▸ Exercise brief: Using only the entries below, output the lines starting at the one containing "View Highlands Ranch, CO 80126 house" and ending at the one containing "Find List of", exactly and inclusive of both, omitting the pictures.

▸ Data shown:

-- Opening Marker --

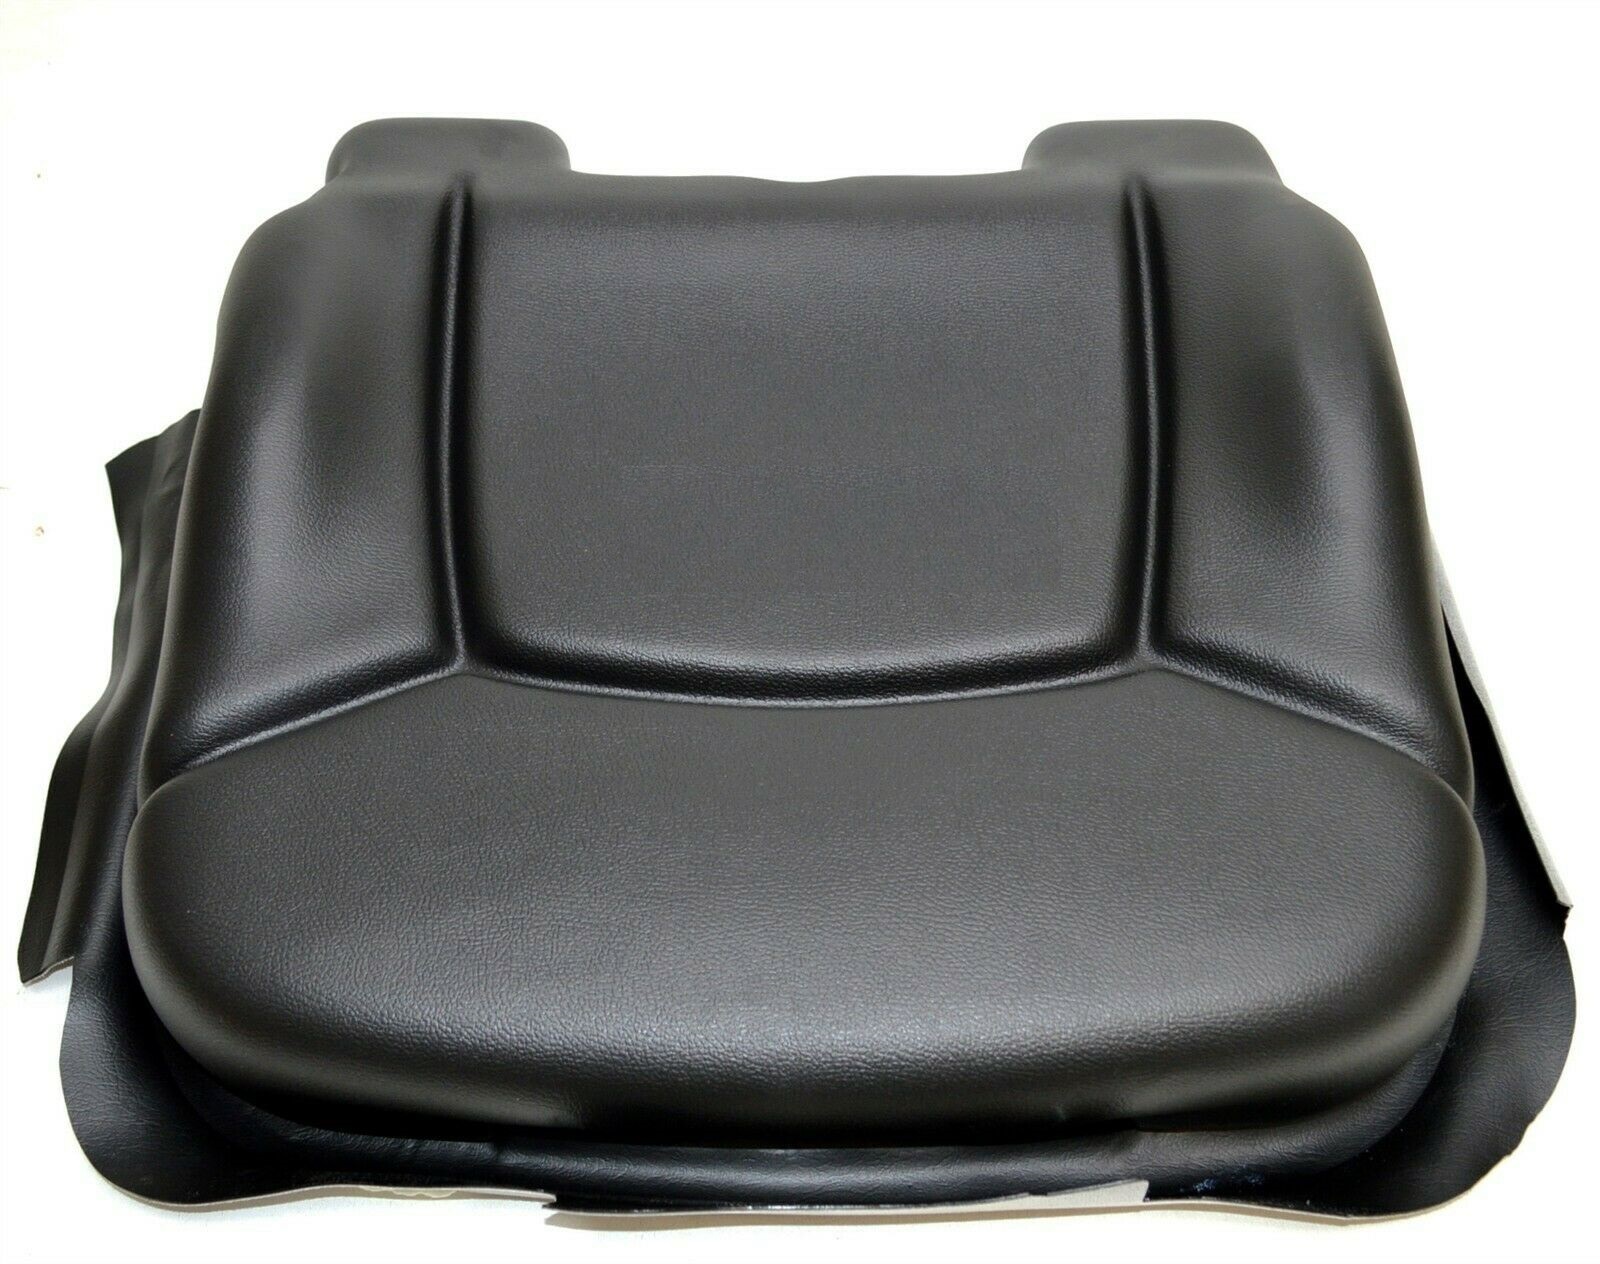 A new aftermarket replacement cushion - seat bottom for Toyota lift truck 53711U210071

-- Closing Marker --
-- Opening Marker --

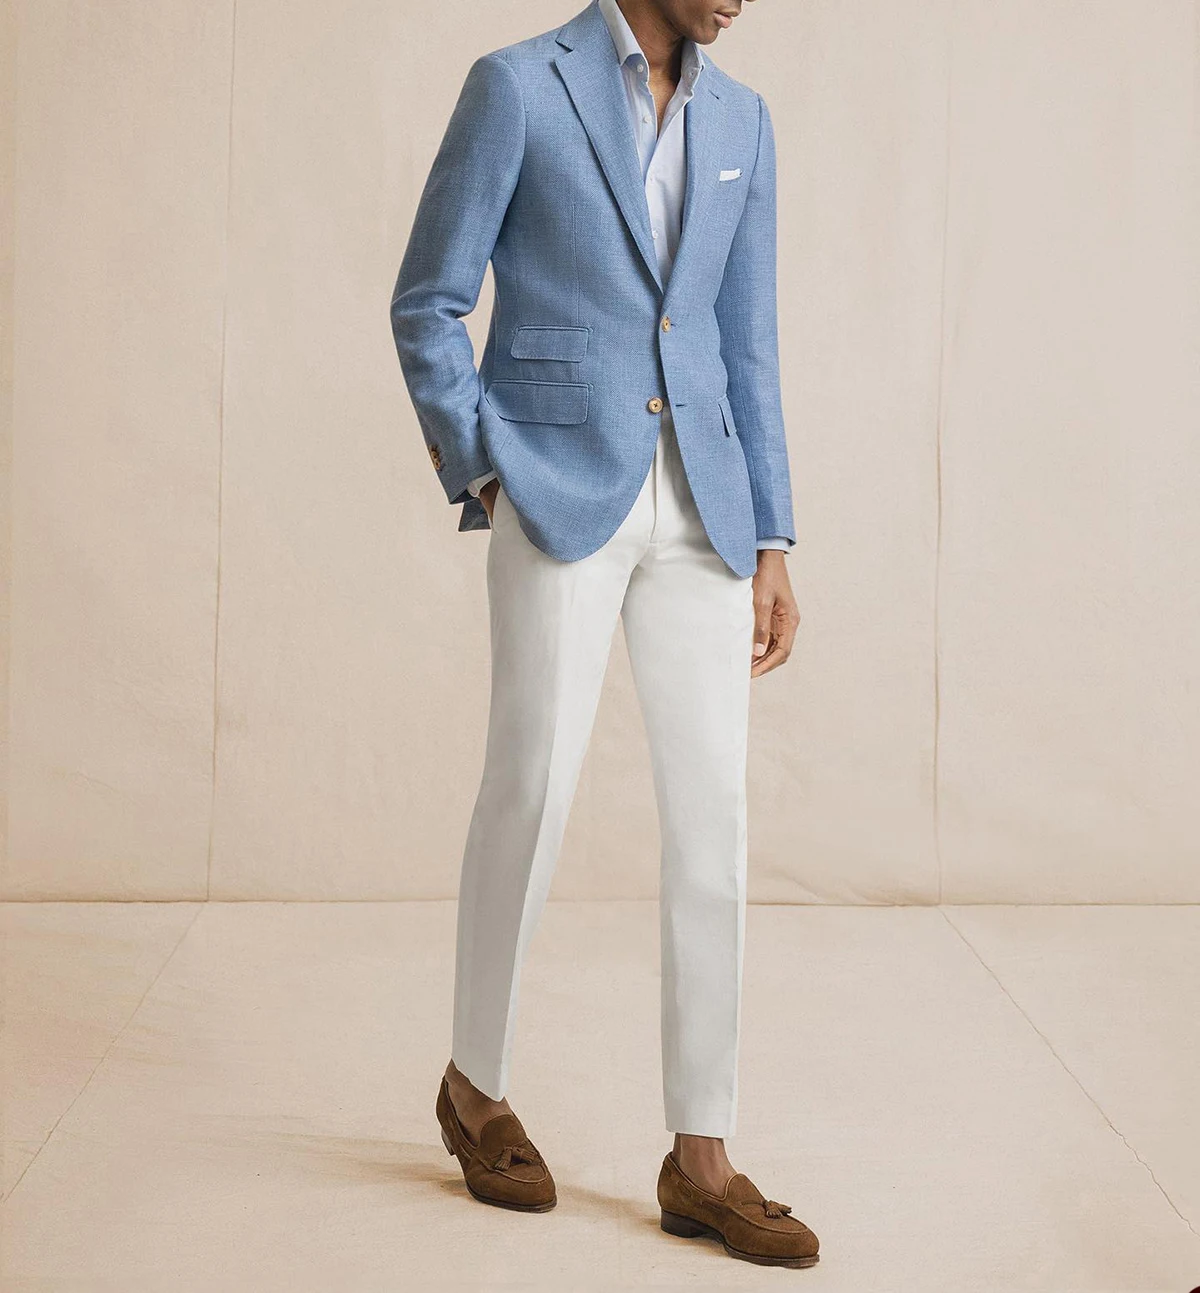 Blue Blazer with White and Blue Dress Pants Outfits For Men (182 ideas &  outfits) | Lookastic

-- Closing Marker --
-- Opening Marker --

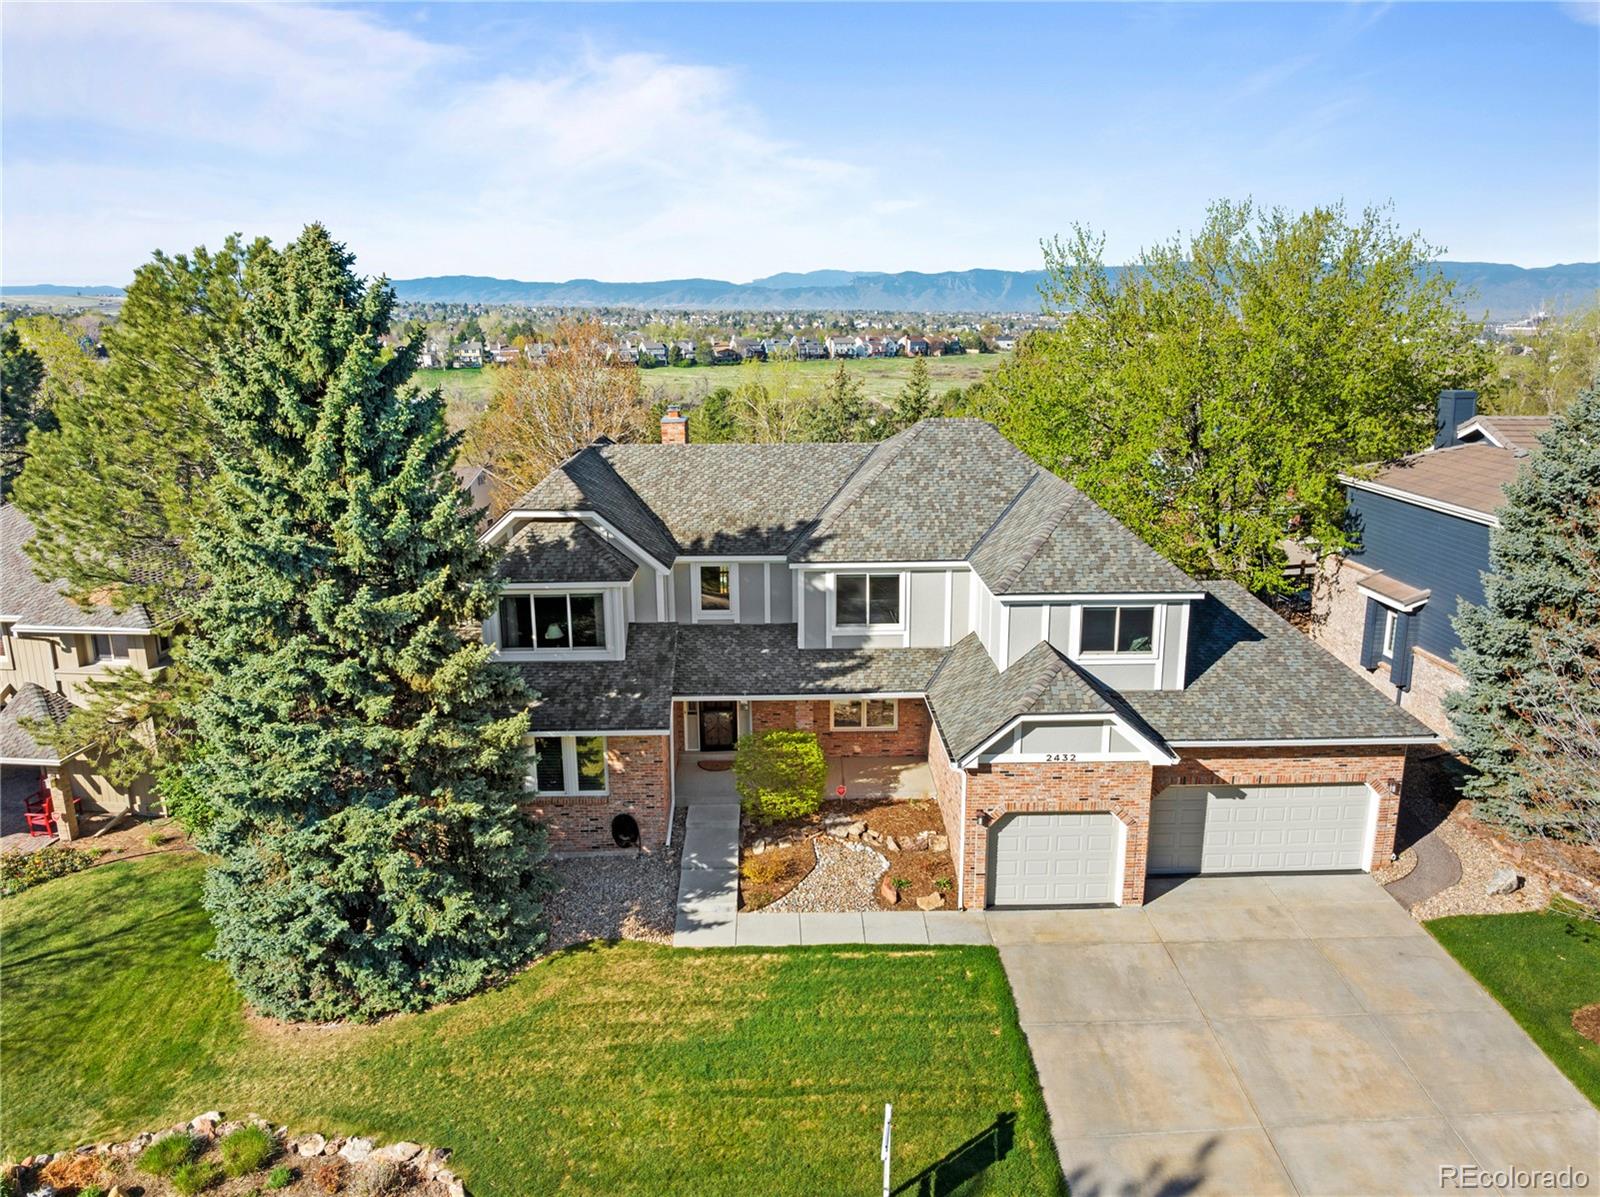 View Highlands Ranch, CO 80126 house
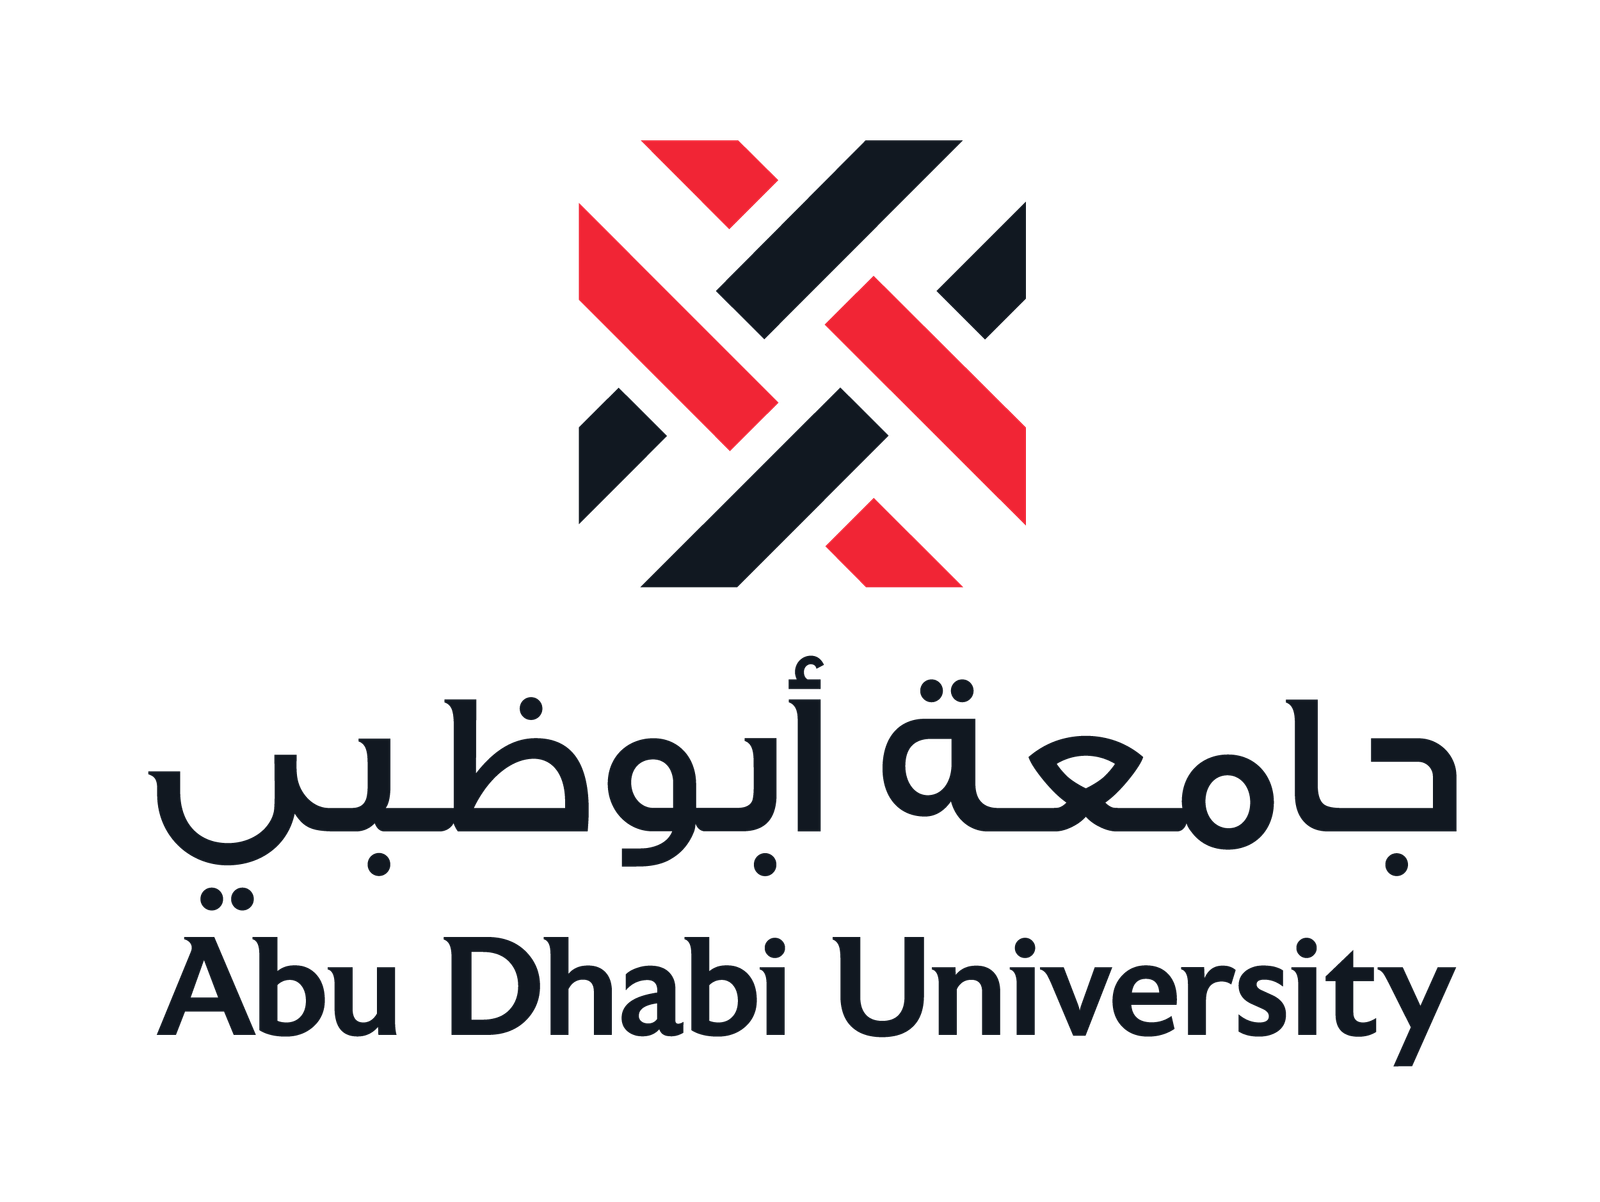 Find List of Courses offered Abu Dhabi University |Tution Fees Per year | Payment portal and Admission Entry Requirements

-- Closing Marker --

▸ Response to the exercise:
 View Highlands Ranch, CO 80126 house
 Find List of Courses offered Abu Dhabi University |Tution Fees Per year | Payment portal and Admission Entry Requirements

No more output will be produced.